Let’s start off with the big reveal: The late printing cards, the ones with supersaturated hats and high contrast borders, are demonstrably harder to find than the early printing versions. Late printing variations were found in 15.3% of the sample set, making them approximately 5.5x more scarce. That is a significant step up in rarity.

On top of this, the sample size produces a 95% confidence interval of ±1.2%, indicating high confidence in this result amid a very large sample set. Cutting that confidence interval in half would require another 11,943 observations, which is essentially a manual review of every single example of these ’49 Leaf card ever assessed by PSA. The sample we are working with shows we are not at the mercy of a handful of cards randomly skewing the data.
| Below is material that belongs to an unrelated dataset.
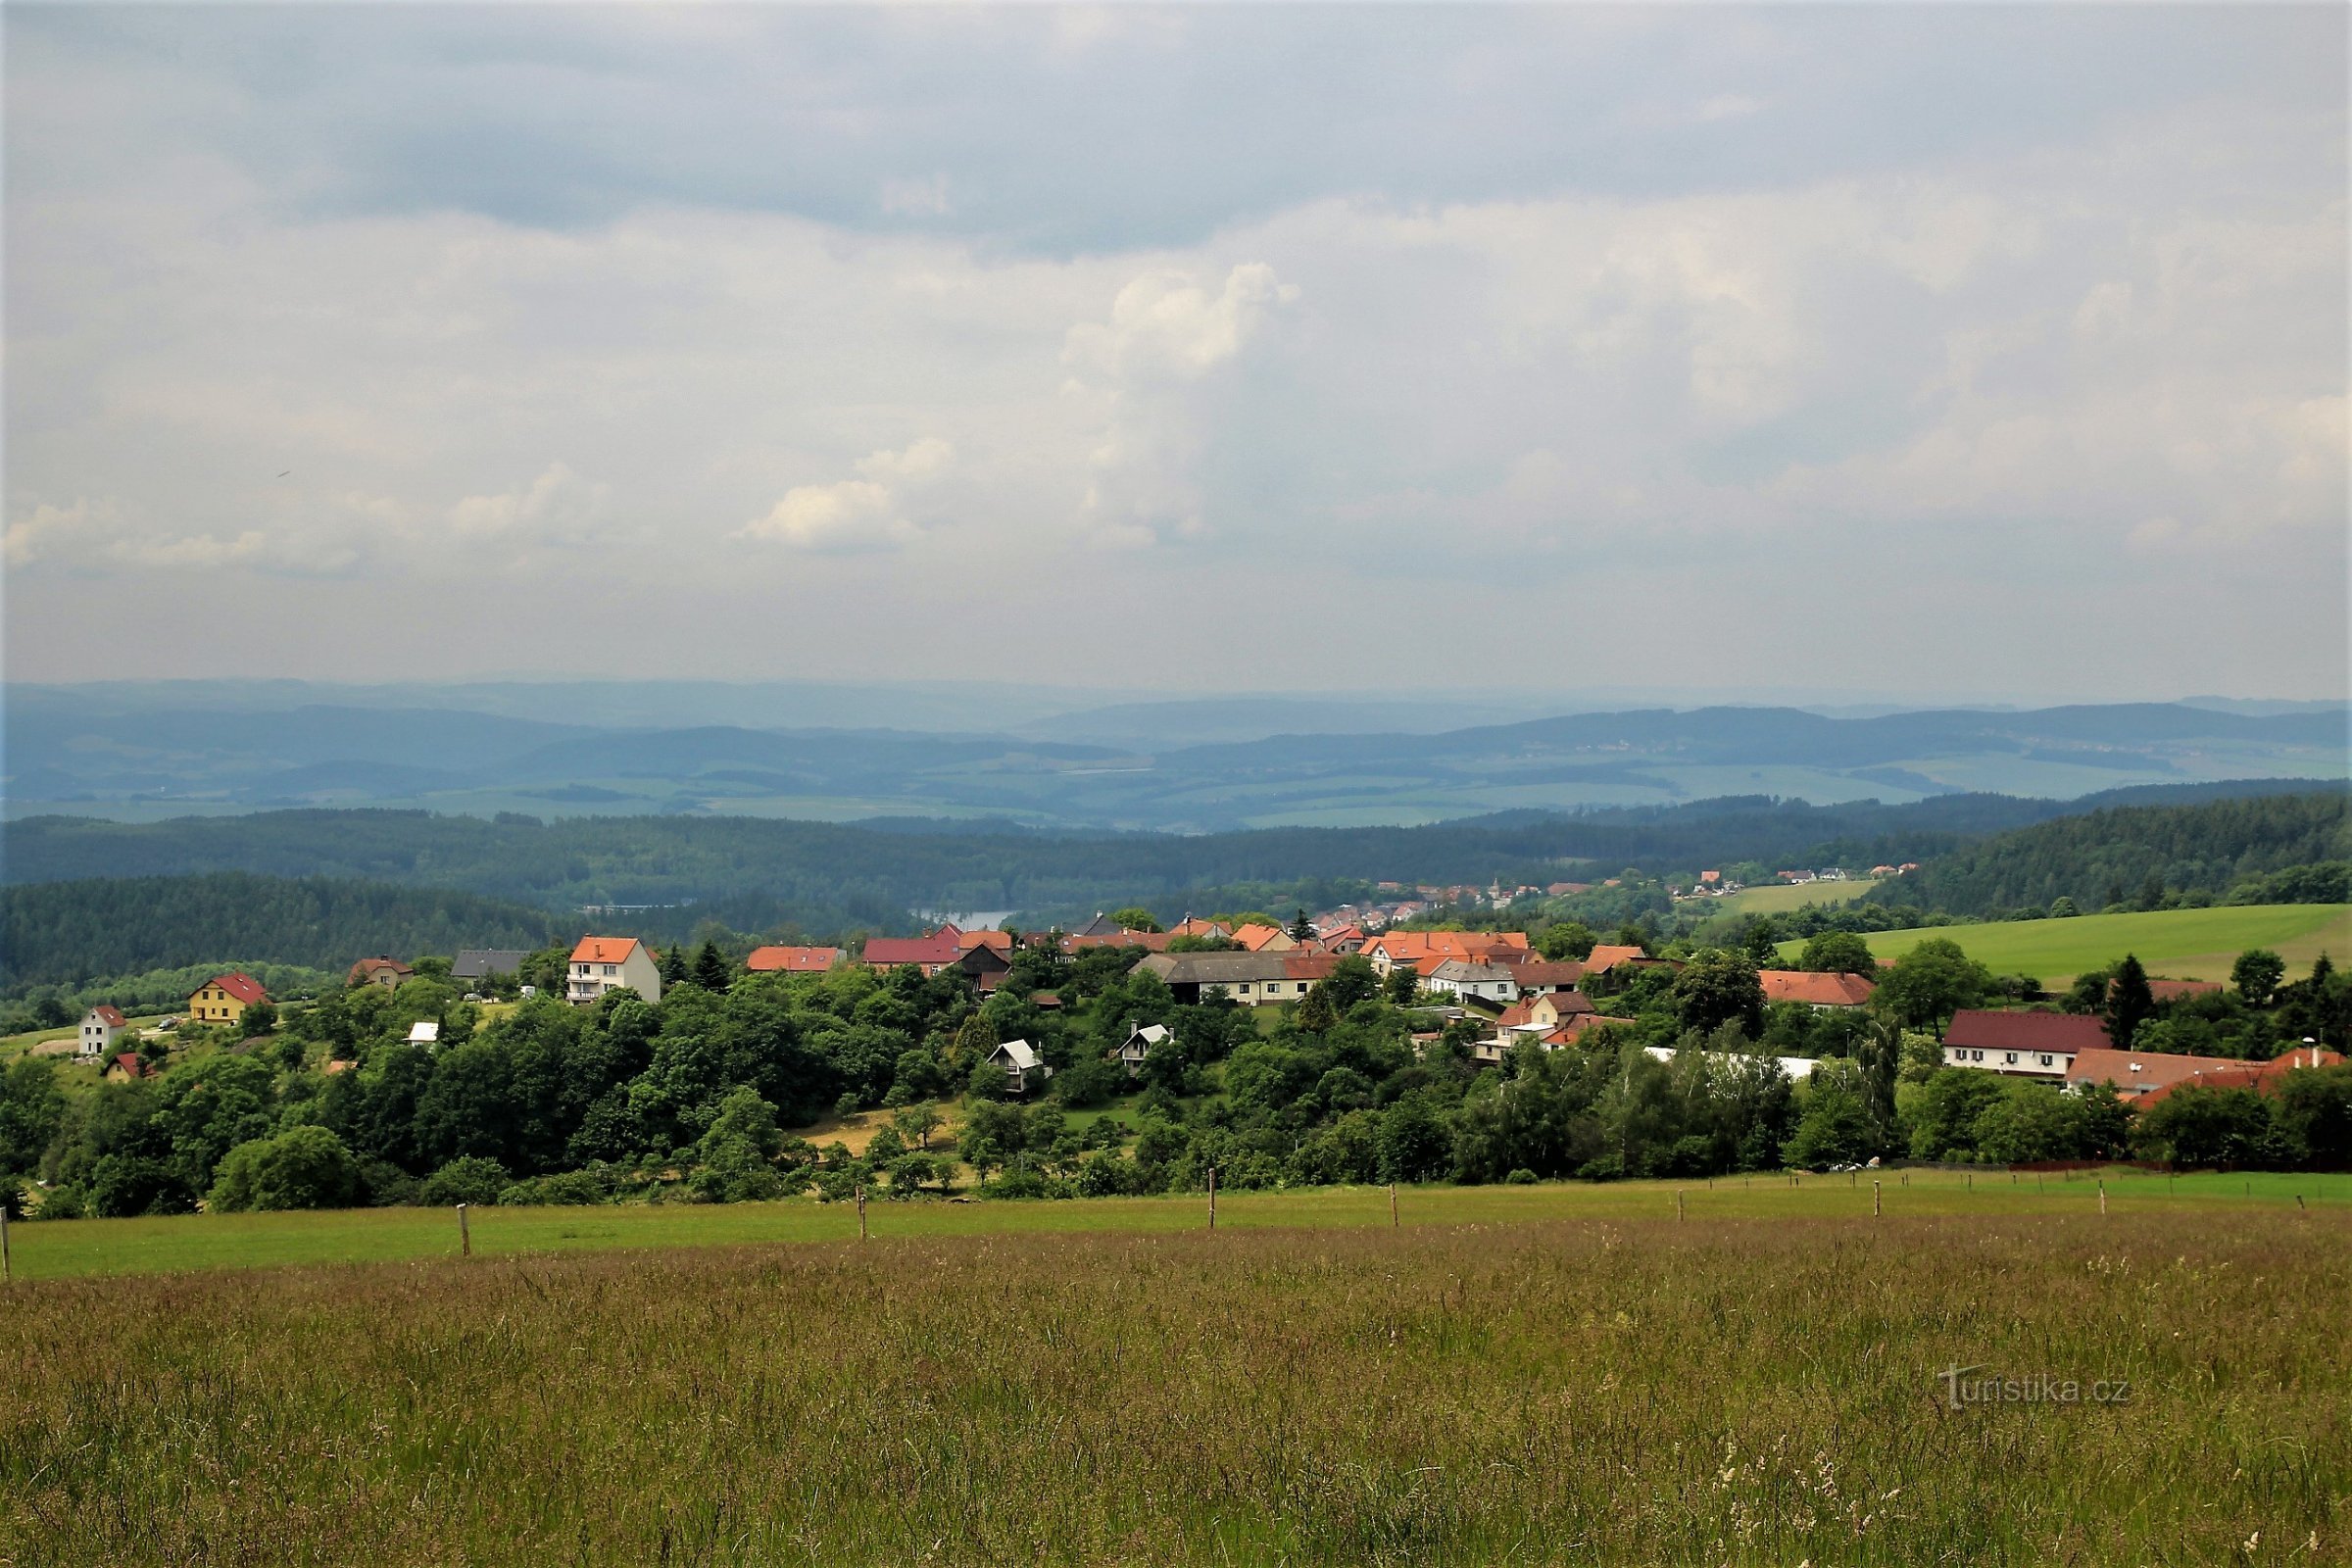 Unterhalb des Aussichtspunktes liegt das malerische Dorf Velenov. Darunter befindet sich ein breites Becken nach Bosko

CARD	COMPOSITE SAMPLE SIZE	% PSA TOTAL POP SAMPLED	% EARLY VERSION	% LATE VERSION	95% CONFIDENCE INTERVAL
Jackie Robinson	441	21.7%	86.6%	13.4%	±3.2%
Babe Ruth	343	19.6%	85.7%	14.3%	±3.8%
Stan Musial	323	22.0%	83.3%	16.7%	±4.2%
Joe DiMaggio	292	18.1%	84.9%	15.1%	±4.1%
Warren Spahn	234	17.7%	85.9%	14.1%	±4.5%
Phil Rizzuto	209	19.6%	85.2%	14.8%	±5.0%
Honus Wagner	182	18.7%	85.2%	14.8%	±5.3%
Ralph Kiner	170	19.8%	84.7%	15.3%	±5.7%
Lou Boudreau	125	20.0%	89.6%	10.4%	±5.8%
Luke Appling	124	18.5%	91.1%	8.9%	±5.3%
Johnny Mize	123	19.2%	79.7%	20.3%	±7.7%
Bobby Doerr	110	18.5%	83.6%	16.4%	±7.3%
Marty Marion	93	19.8%	74.2%	25.8%	±10.3%
Buddy Rosar	91	19.5%	78.0%	22.0%	±10.2%
Larry Jansen	90	16.3%	75.6%	24.4%	±11.3%
Hank Edwards	90	19.2%	88.9%	11.1%	±7.6%
Snuffy Stirnweiss	87	19.0%	81.6%	18.4%	±9.6%
Sid Hudson	85	22.3%	85.9%	14.1%	±8.6%
Ralph Weigel	84	18.4%	71.4%	28.6%	±12.0%
Del Ennis	84	18.6%	86.9%	13.1%	±8.0%
Stubby Overmire	82	15.7%	90.2%	9.8%	±8.3%
Johnny Hopp	82	16.4%	89.0%	11.0%	±8.3%
Johnny Lindell	82	17.5%	91.5%	8.5%	±7.0%
Bob Elliot	79	19.7%	84.8%	15.2%	±8.3%
Pat Seerey	75	20.2%	92.0%	8.0%	±7.0%
Whitey Platt	73	20.6%	74.0%	26.0%	±12.0%
Lou Brissie	67	18.4%	82.1%	17.9%	±10.6%
Sam Vico	61	15.4%	86.9%	13.1%	±9.5%
Group Level Total	3,981	19.7%	84.7%	15.3%	±1.2%

So far, so good. We can definitively declare the late version to not just be harder to find than the earlier version; we find the scarcity of these cards to be multiples of the early “dark hat” versions. The next question to answer is whether or not that 15.3% late printing ratio applies to all cards.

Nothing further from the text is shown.